Question 47:
A decrease in the concentration of serum albumin leads to which of the following conditions?
The correct answer is (A) Chronic liver disease.
A decrease in serum albumin concentration, known as hypoalbuminemia, directly results from impaired liver synthesis, as the liver produces nearly all of the body’s albumin.
Option Breakdown
(A) Chronic Liver Disease
Chronic liver diseases like hepatitis or fatty liver damage hepatocytes, reducing albumin production and causing low serum levels (typically <3.5 g/dL). This leads to edema due to decreased oncotic pressure.
(B) Hemochromatosis
This iron overload disorder causes liver damage and fibrosis, but hypoalbuminemia occurs only in advanced stages as a secondary effect, not the primary condition.
(C) Wilson Disease
A genetic copper accumulation disorder affecting the liver, it can lower albumin in cirrhosis stages, but the decrease stems from end-stage liver failure, not the disease itself.
(D) Cirrhosis
Cirrhosis, an end-stage scarring of the liver from chronic damage, features low albumin due to synthetic failure, but it’s a specific outcome rather than the broad category of chronic liver disease.
Introduction to Decrease Serum Albumin Concentration
A decrease serum albumin concentration below 3.5 g/dL often indicates chronic liver issues, where reduced hepatic synthesis disrupts fluid balance.
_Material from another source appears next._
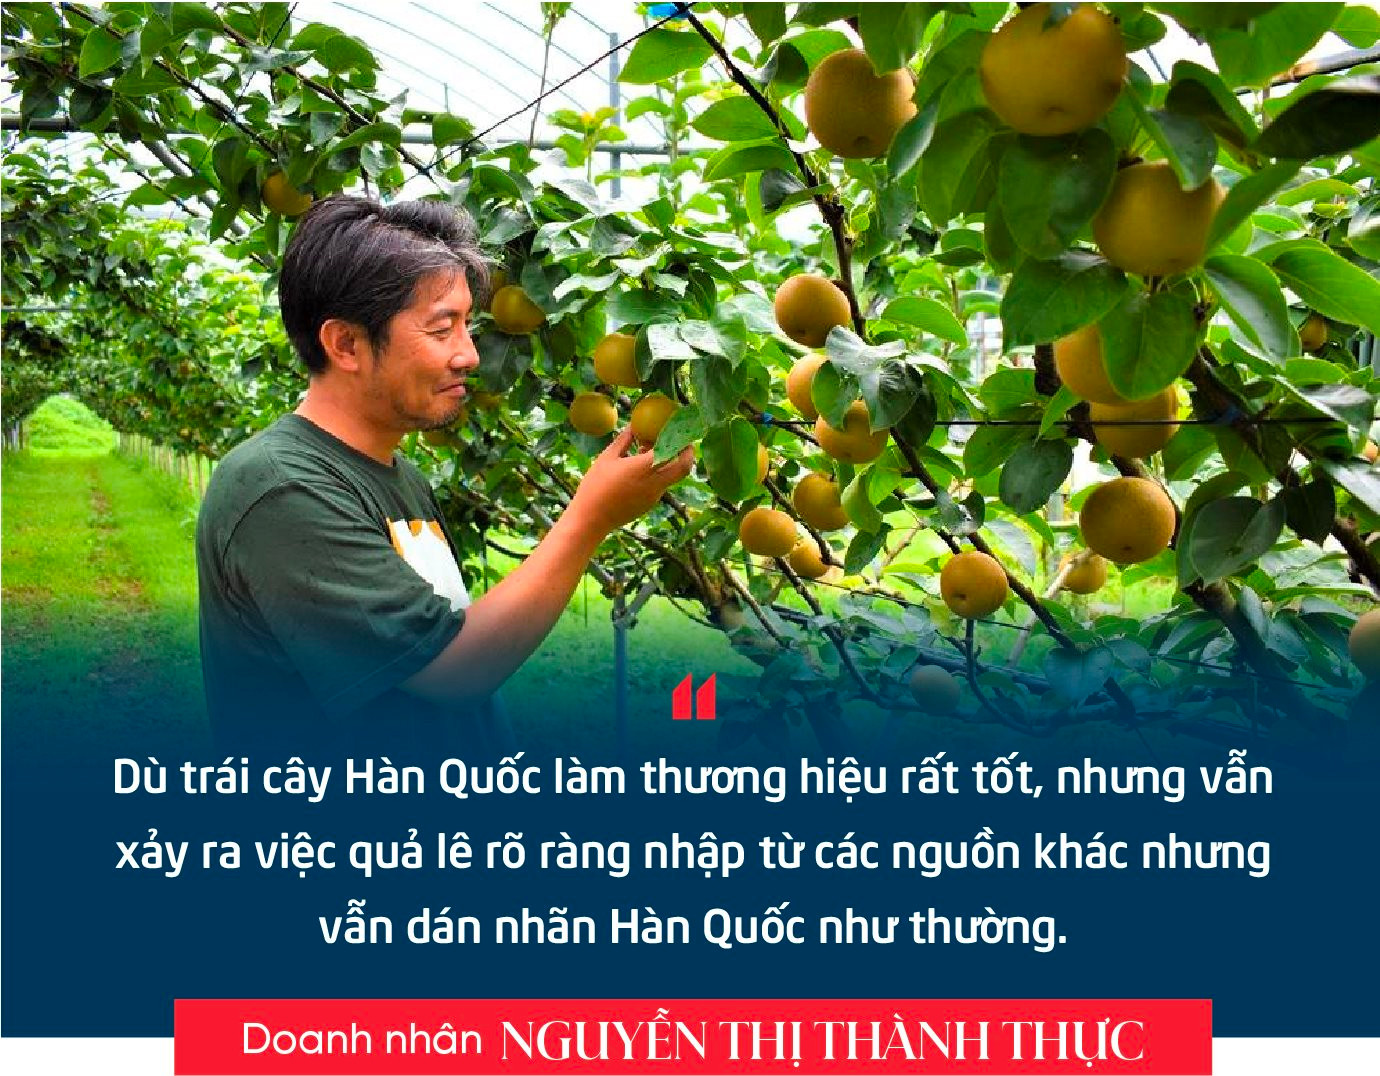 Doanh nhân Nguyễn Thị Thành Thực: Người Hàn Quốc sang Việt Nam làm chủ lĩnh vực công nghiệp, thì người Việt Nam cũng có thể làm chủ trong nông nghiệp ở Hàn Quốc- Ảnh 6.
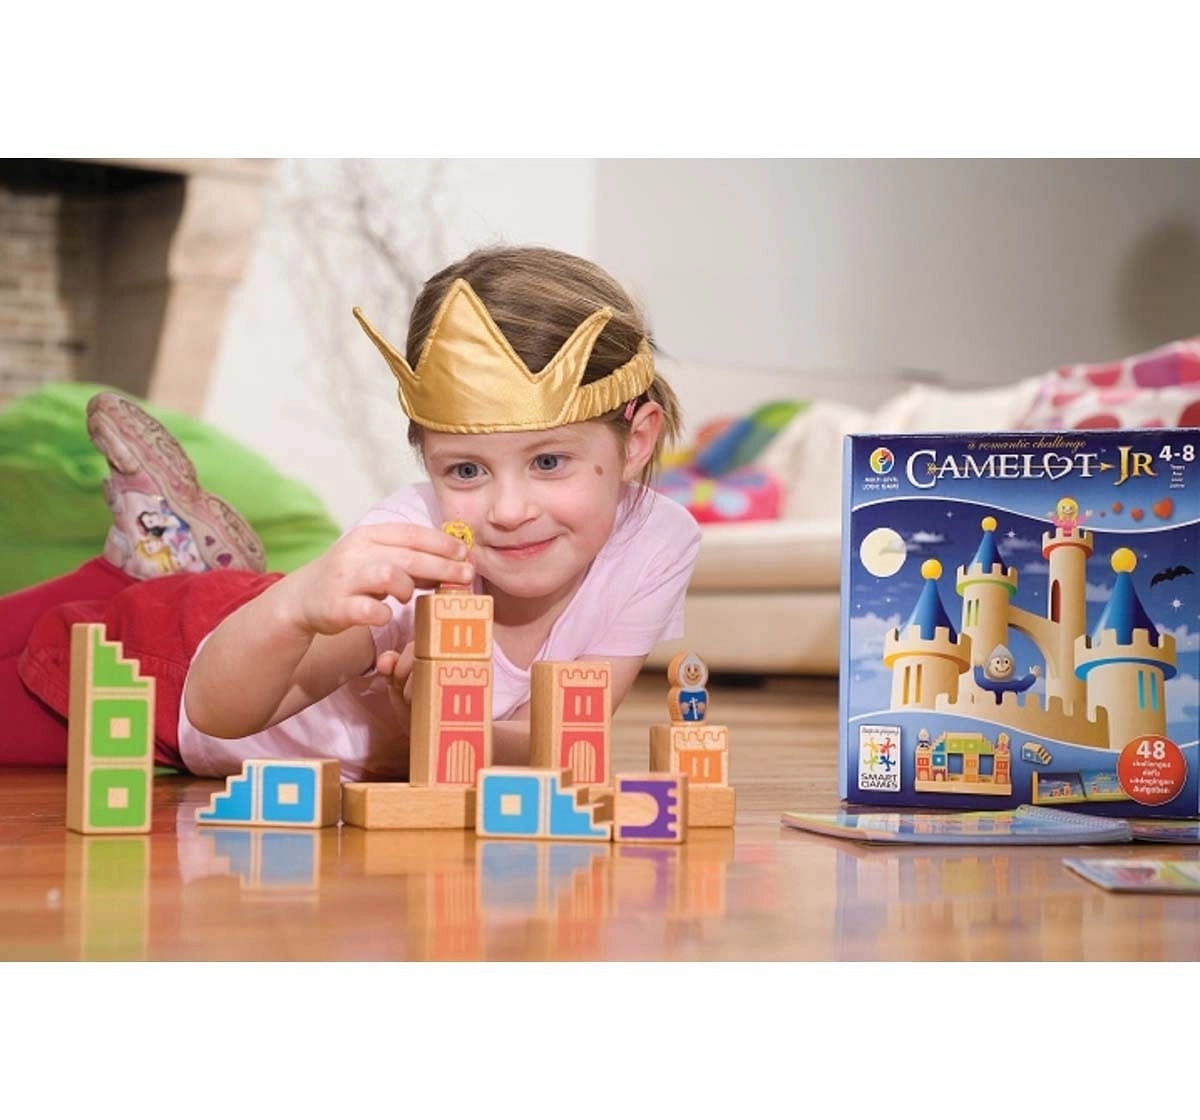 Smart Games Camelot Jr. for Kids age 4Y+

Essential for GATE Life Sciences prep, it differentiates from metal storage disorders.
Causes of Low Serum Albumin
Liver impairment from chronic inflammation halts albumin production, while losses via kidneys or gut contribute less commonly. Symptoms include swelling and fatigue from low oncotic pressure.
Normal levels range 3.5-5.0 g/dL; chronic drops signal progression.
Conditions Comparison Table
| Condition | Primary Mechanism | Albumin Decrease Role | Key Feature |
|---|---|---|---|
| Chronic Liver Disease | Impaired synthesis | Direct cause | Hepatitis, fatty liver |
| Hemochromatosis | Iron overload damage | Secondary in late stages | Bronze diabetes |
| Wilson Disease | Copper buildup | Late liver failure | Kayser-Fleischer rings |
| Cirrhosis | Scarring/synthetic failure | End-stage result | Ascites, varices |
This clarifies decrease serum albumin concentration for competitive exams.
Implications for Life Sciences Students
Recognizing low albumin as a chronic liver disease marker sharpens biochemistry and pathology knowledge, aiding PYQ solving in exams.